Женщина секунд десять глядела на меня неподвижно, полураскрыв рот.
— У… уверена, — выдавила она, наконец, из себя. — А разве это важно, Пётр Степанович?
— Это ч р е з в ы ч а й н о, — я подчеркнул слово, — чрезвычайно важно для правильного диагноза и для правильной терапии!
— А… а почему? Вы… Господи! Вы ей поверили, что ли?!
«Вот, гляди-ка, — мрачно восхитился я. — Казалось бы, дура-дурой, а интуицией так сразу в меня и проникла, и тут же хочет обвиноватить».
— Вы не ответили на мой вопрос, Галина Григорьевна.

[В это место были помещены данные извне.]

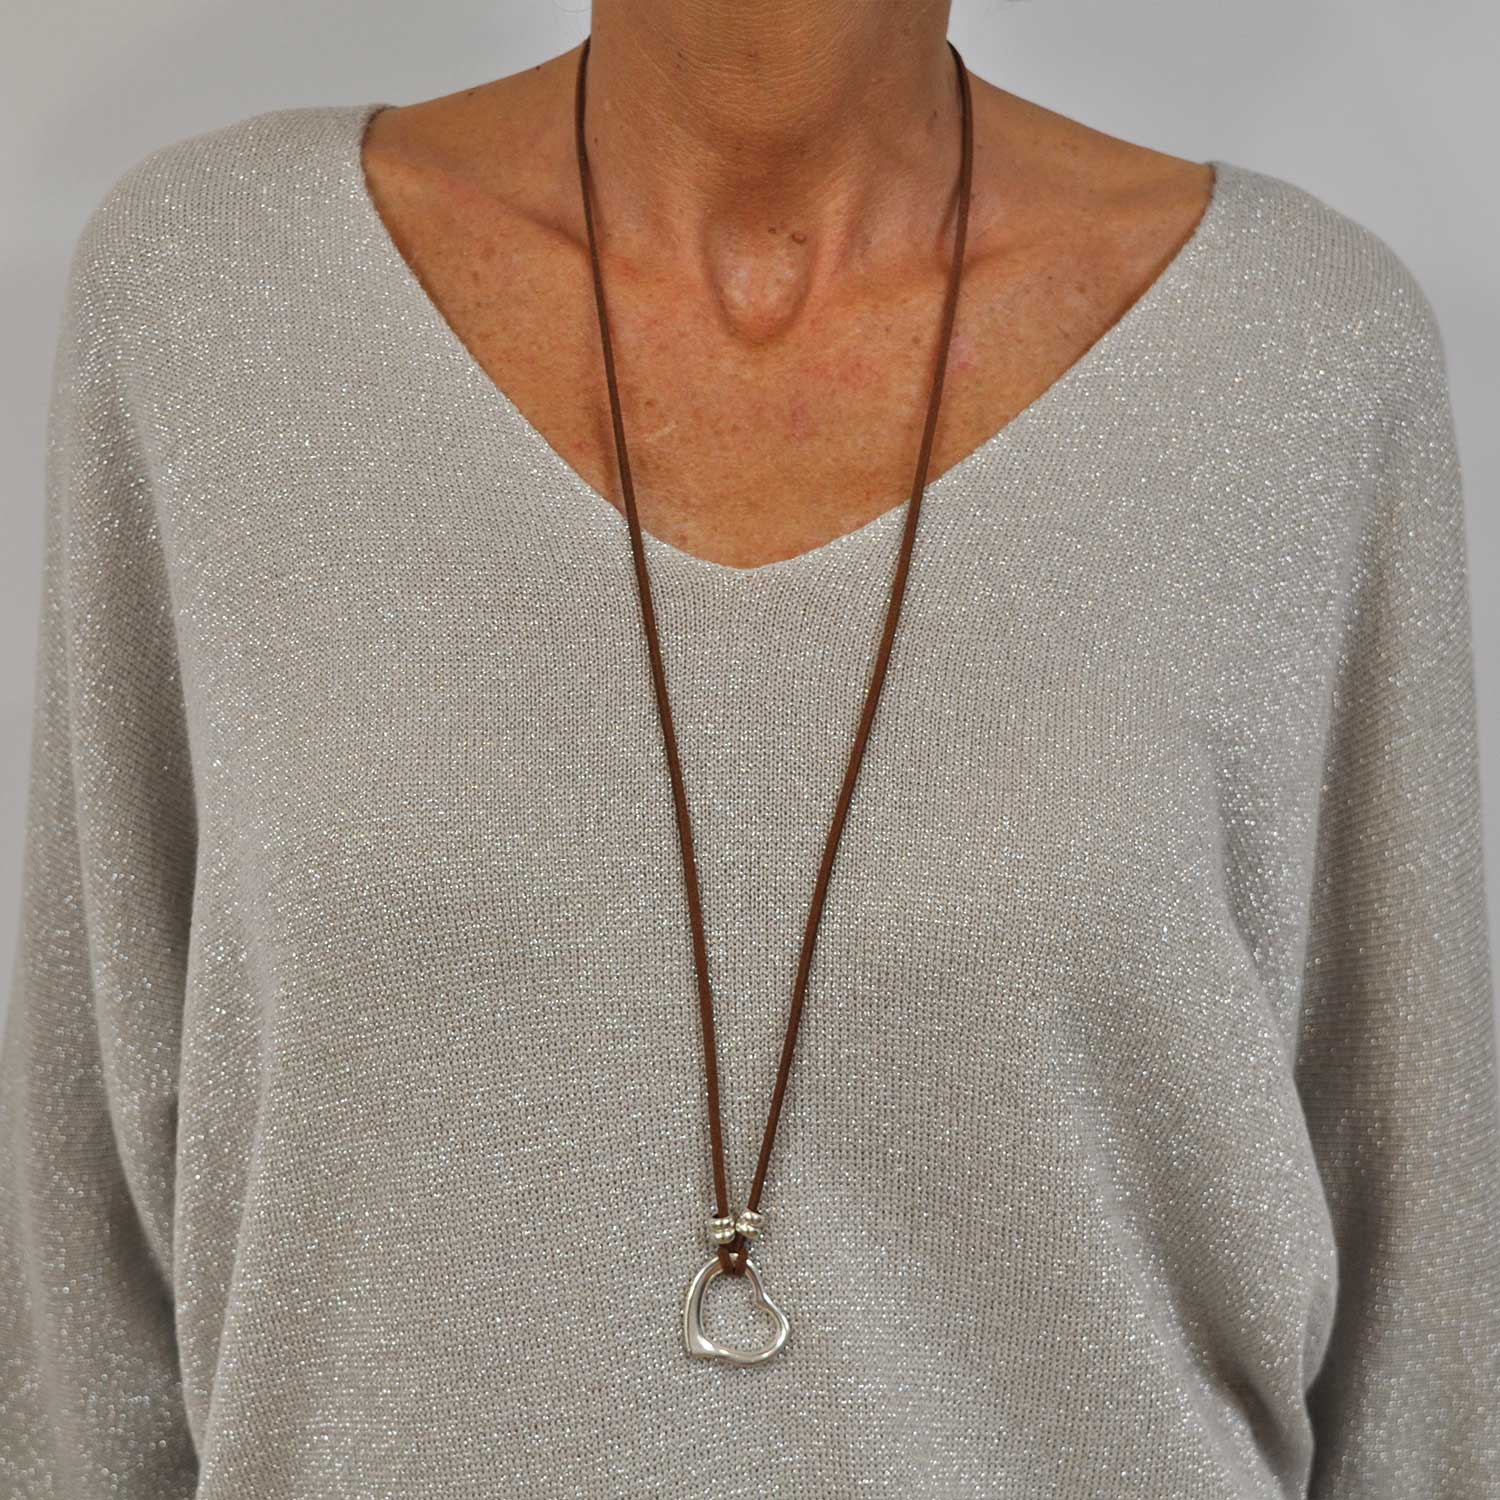 Long Heart Necklace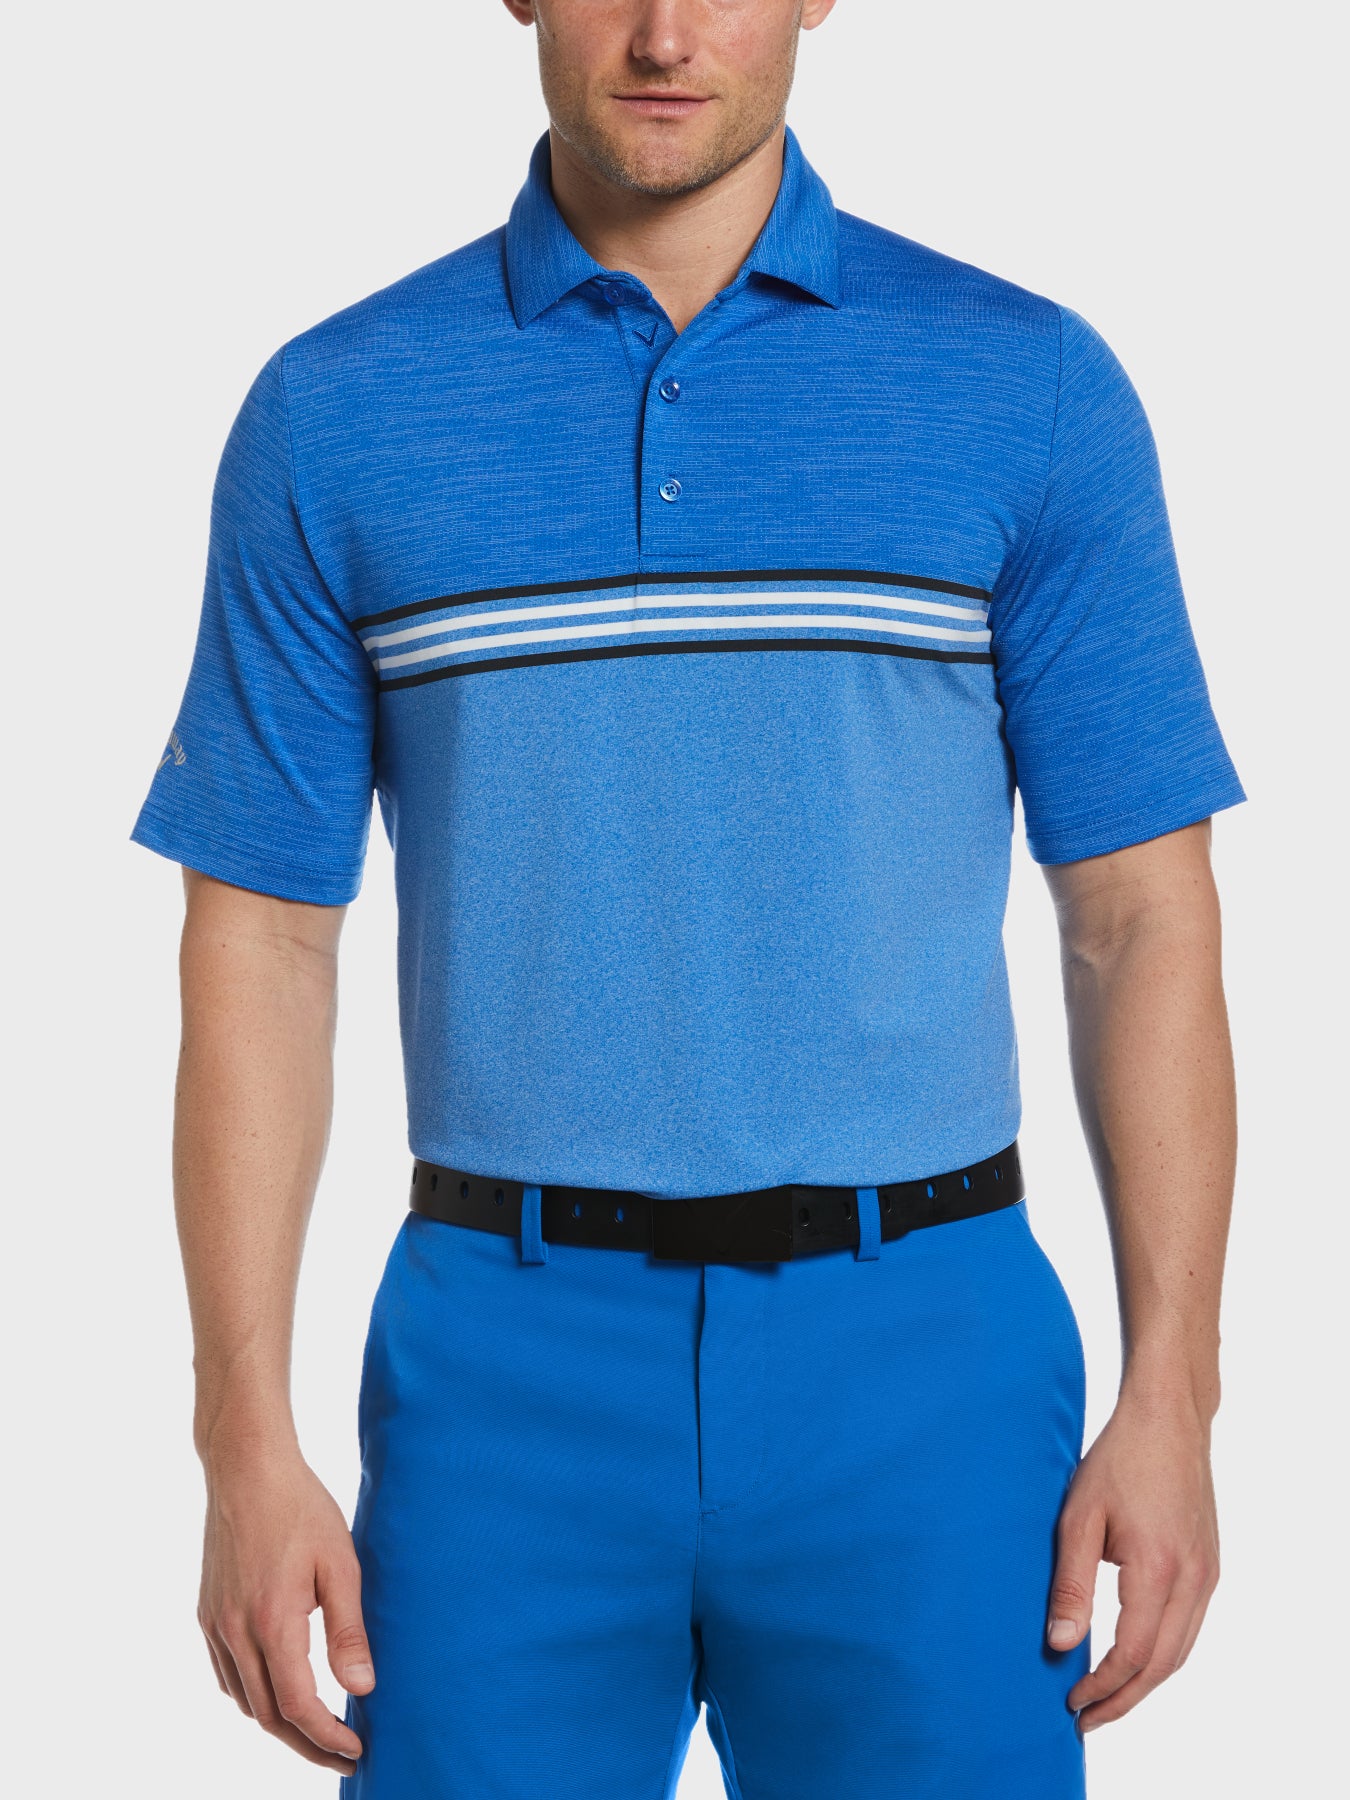 View Heathered Chest Stripe Polo In Magnetic Heather Magnetic Htr XL information

Вы что-то скрываете от меня? Это на лечении отразится крайне пагубно.
Поняв, что укоризной меня не возьмёшь, Селезнёва изменилась в лице, заплакала.
— Все… все вот так на меня нападают… Со свету меня хотят сжить… Будто я своей девочке какой враг… Да кто же, как не я, защитит-то её! От злых-то людей… Ничего там не было, ничего! Никаких камней! Так, может, безделушки какие пластмассовые…
— Всего хорошего, — произнёс я, прошёл в прихожую, оделся и, ещё раз торопливо попрощавшись, поспешил на улицу.